The decision about the treatment after an iatrogenic perforation must be made very carefully, because conservative treatment may surely be used when perforation is small and retroperitoneal, non-operative management failed but with delayed laparotomy results in greater contamination necessitating major surgery. In our patient, the perforation was small, well defined, and detected without delay, thus meeting all the criteria for a conservative approach. Therefore, we decided to try to close the perforation immediately with metallic clips. After successful endoscopic clipping, our patient recovered quickly without any complication and was discharged early from hospital. The immediate closure of the perforation prevented any further abdominal contamination and contributed to the good outcome of the patient. Although this complication could be resolved with the conservative management strategy of nasogastric suction and antibiotics, we believe that our patient with the size of the duodenal wall defect may require prolonged hospitalization and/or surgical management.

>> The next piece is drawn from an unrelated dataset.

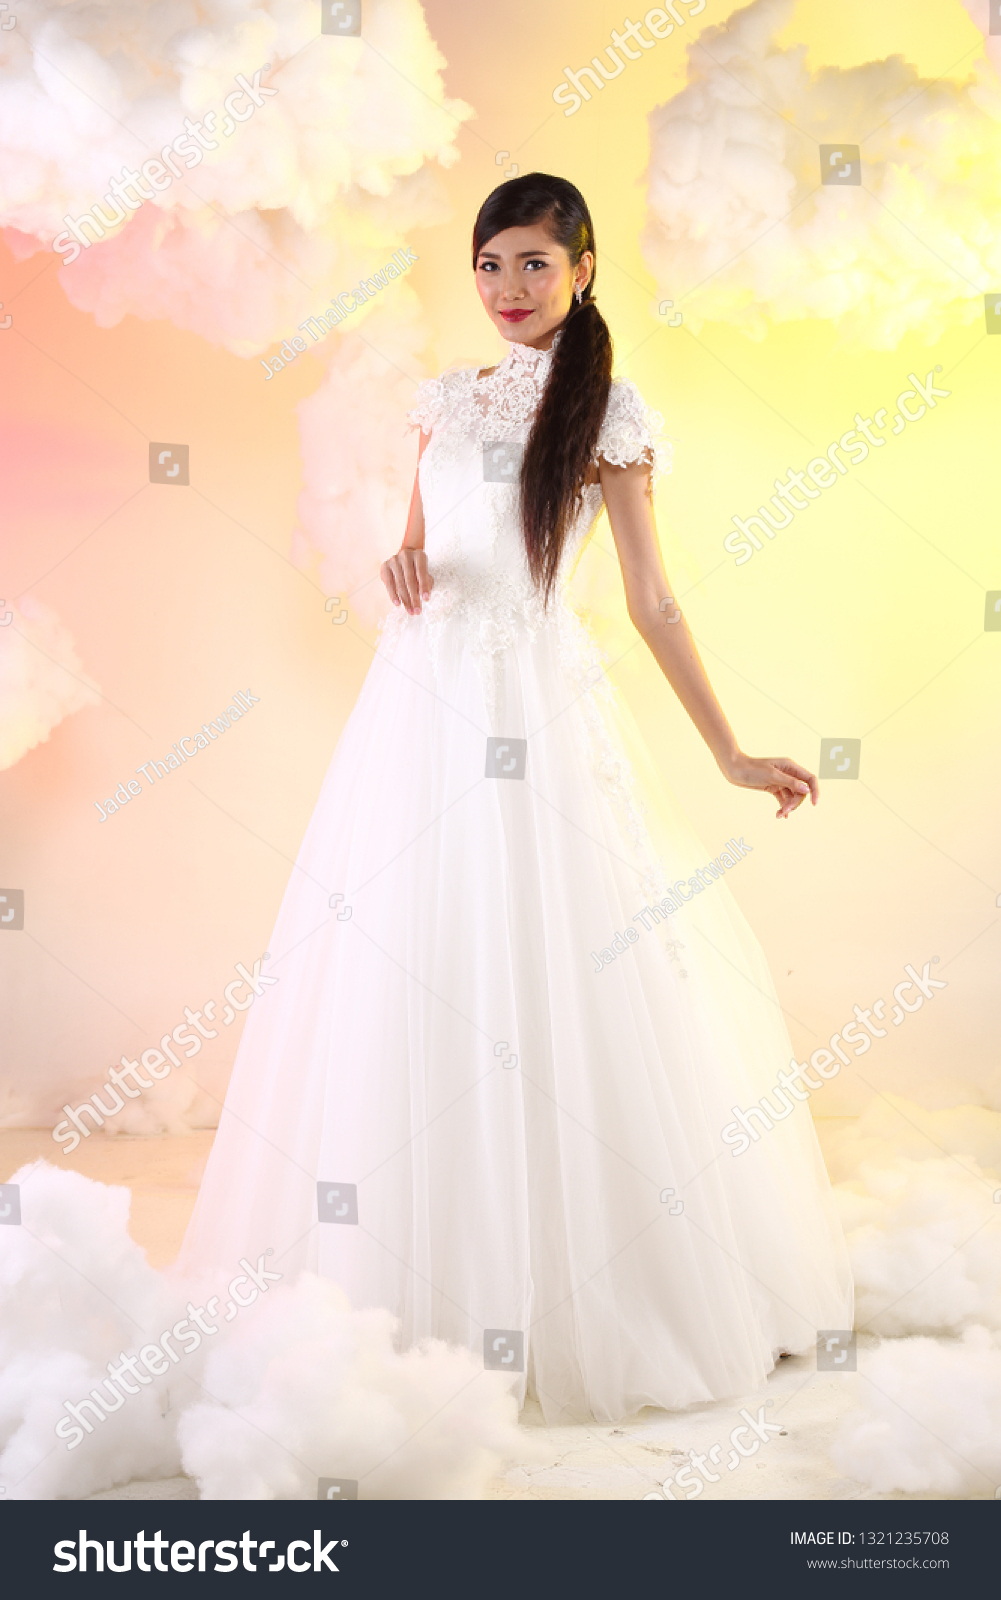 https://image.shutterstock.com/z/stock-photo-lovely-asian-beautiful-woman-bride-in-white-wedding-gown-dress-with-lace-veil-black-hair-studio-1321235708.jpg

It must be emphasized that the endoclipping device has been designed for use through the end-viewing endoscope. Therefore, the deployment of clips is more difficult when a side-viewing endoscope is used and damage to the endoclipping device may occur. The deployment of the clips requires significant experience from the endoscopist when a duodenoscope is used, especially in a limited space as is the major papilla area. The placement of the clips should be made carefully on the upper part of the sphincterotomy to avoid closure of pancreatic or common bile duct orifice.

In cases of iatrogenic perforation, if the defect is closed early with metallic clips, contamination of the peritoneal cavity or retroperitoneal space can be minimized. Although the difference in outcome between conservative management and clipping is unknown, clipping therapy is more certain to prevent contamination.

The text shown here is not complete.